* [RECORDED DATA]:
Start of Block
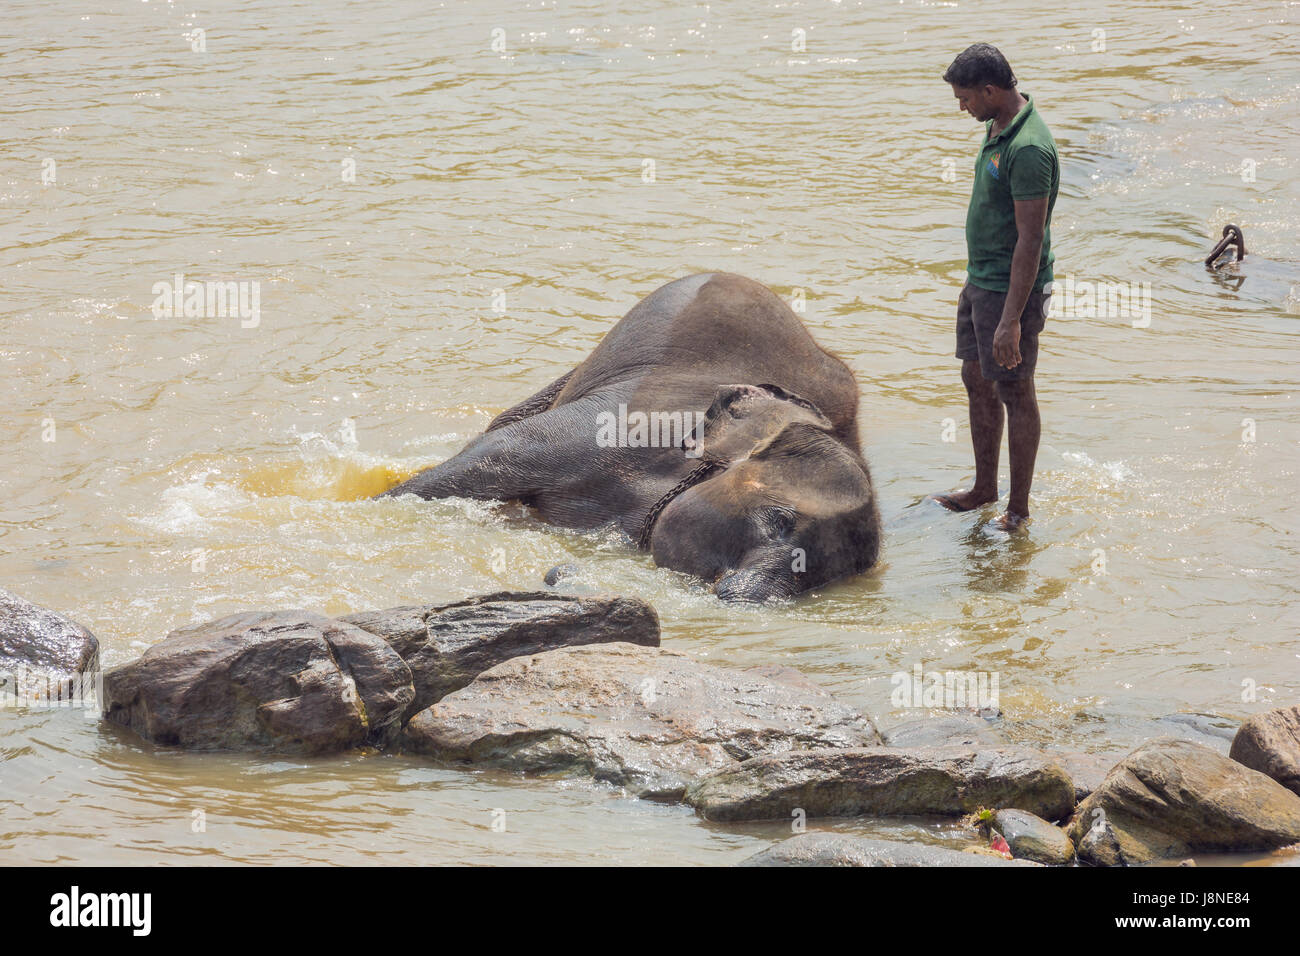 Editorial: PINNAWALA, SRI LANKA, April 7, 2017 - Animal keeper watching elephant enjoying its bath, in the river Stock Photo
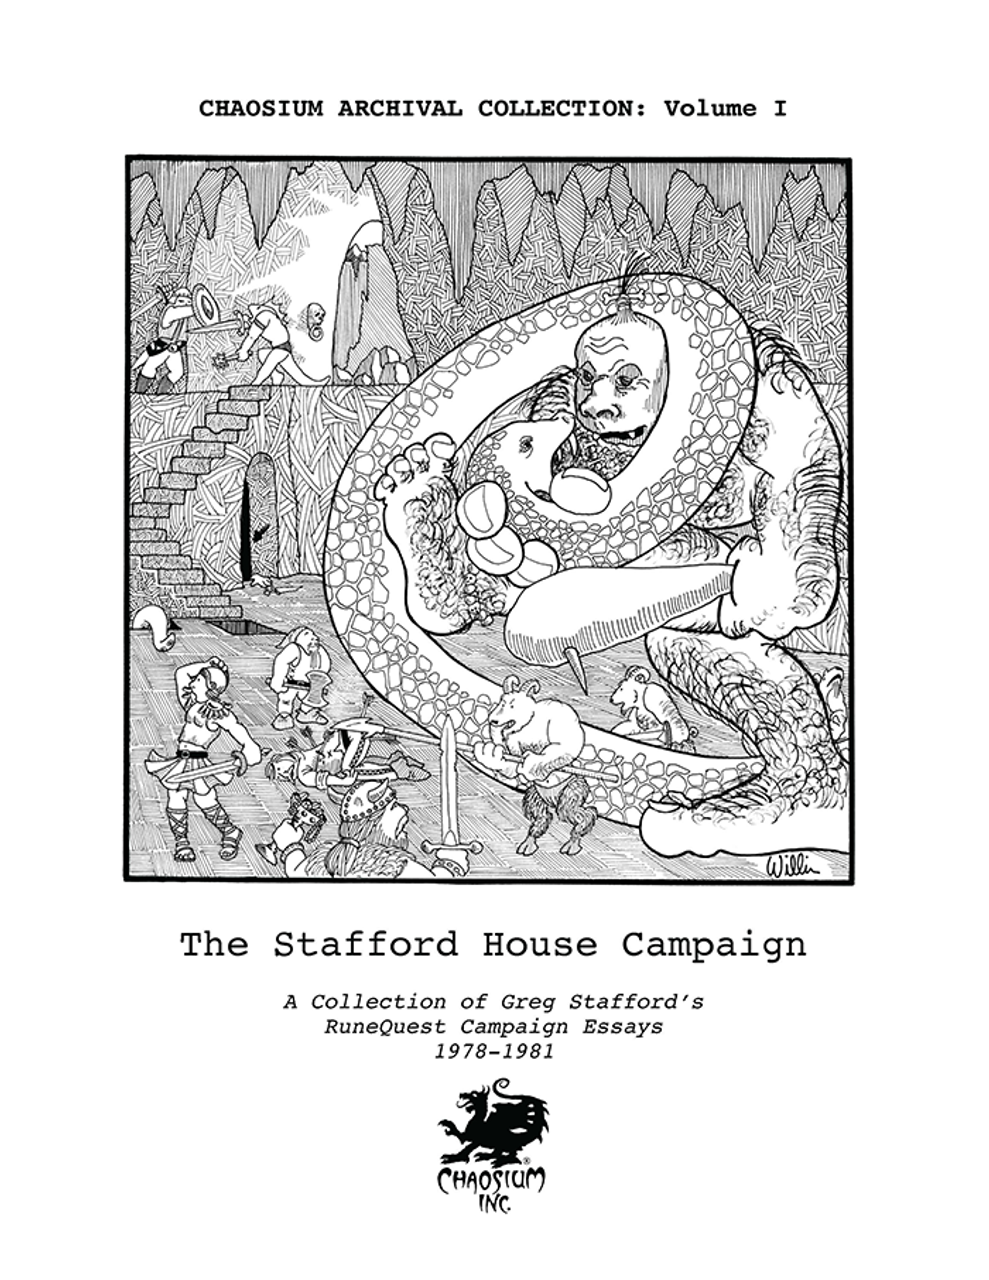 The Stafford House Campaign - PDF - Chaosium Inc.
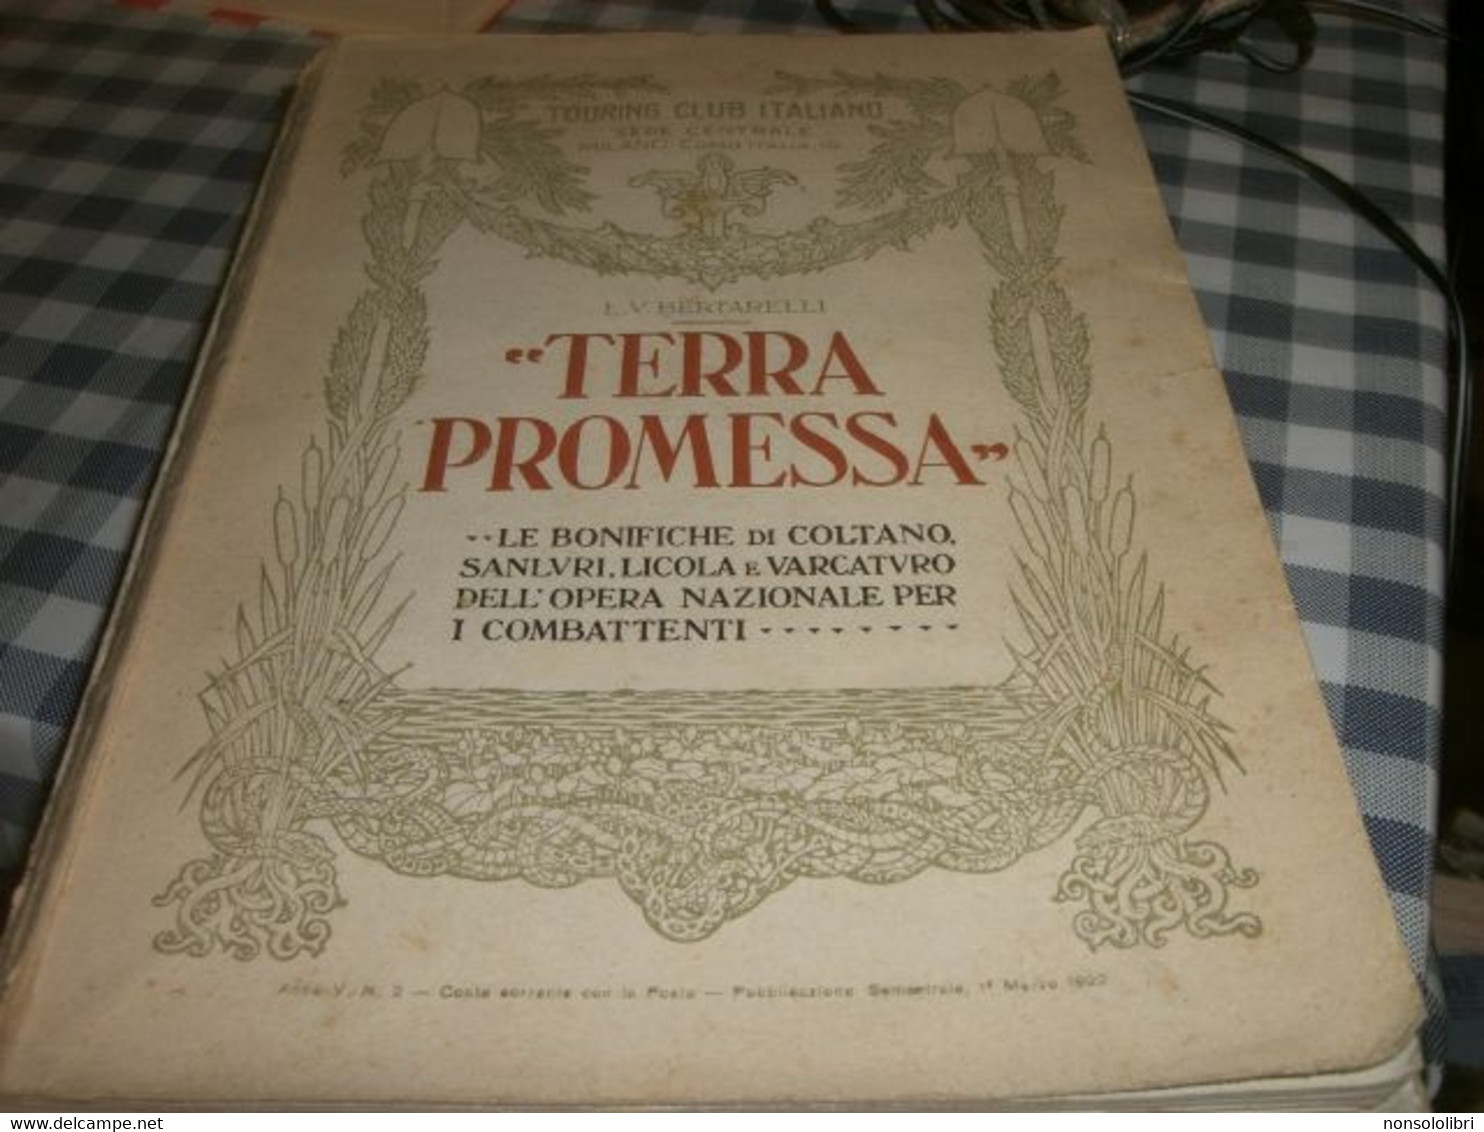 LIBRO TERRA PROMESSA -TOUTING CLUB ITALIANO -BERTARELLI - Société, Politique, économie
End of Block
* [EXERCISE DETAILS]:
Every line of the data is to be transcribed exactly, and no picture is to be included.

* [RESULT]:
 Editorial: PINNAWALA, SRI LANKA, April 7, 2017 - Animal keeper watching elephant enjoying its bath, in the river Stock Photo
 The Stafford House Campaign - PDF - Chaosium Inc.
 LIBRO TERRA PROMESSA -TOUTING CLUB ITALIANO -BERTARELLI - Société, Politique, économie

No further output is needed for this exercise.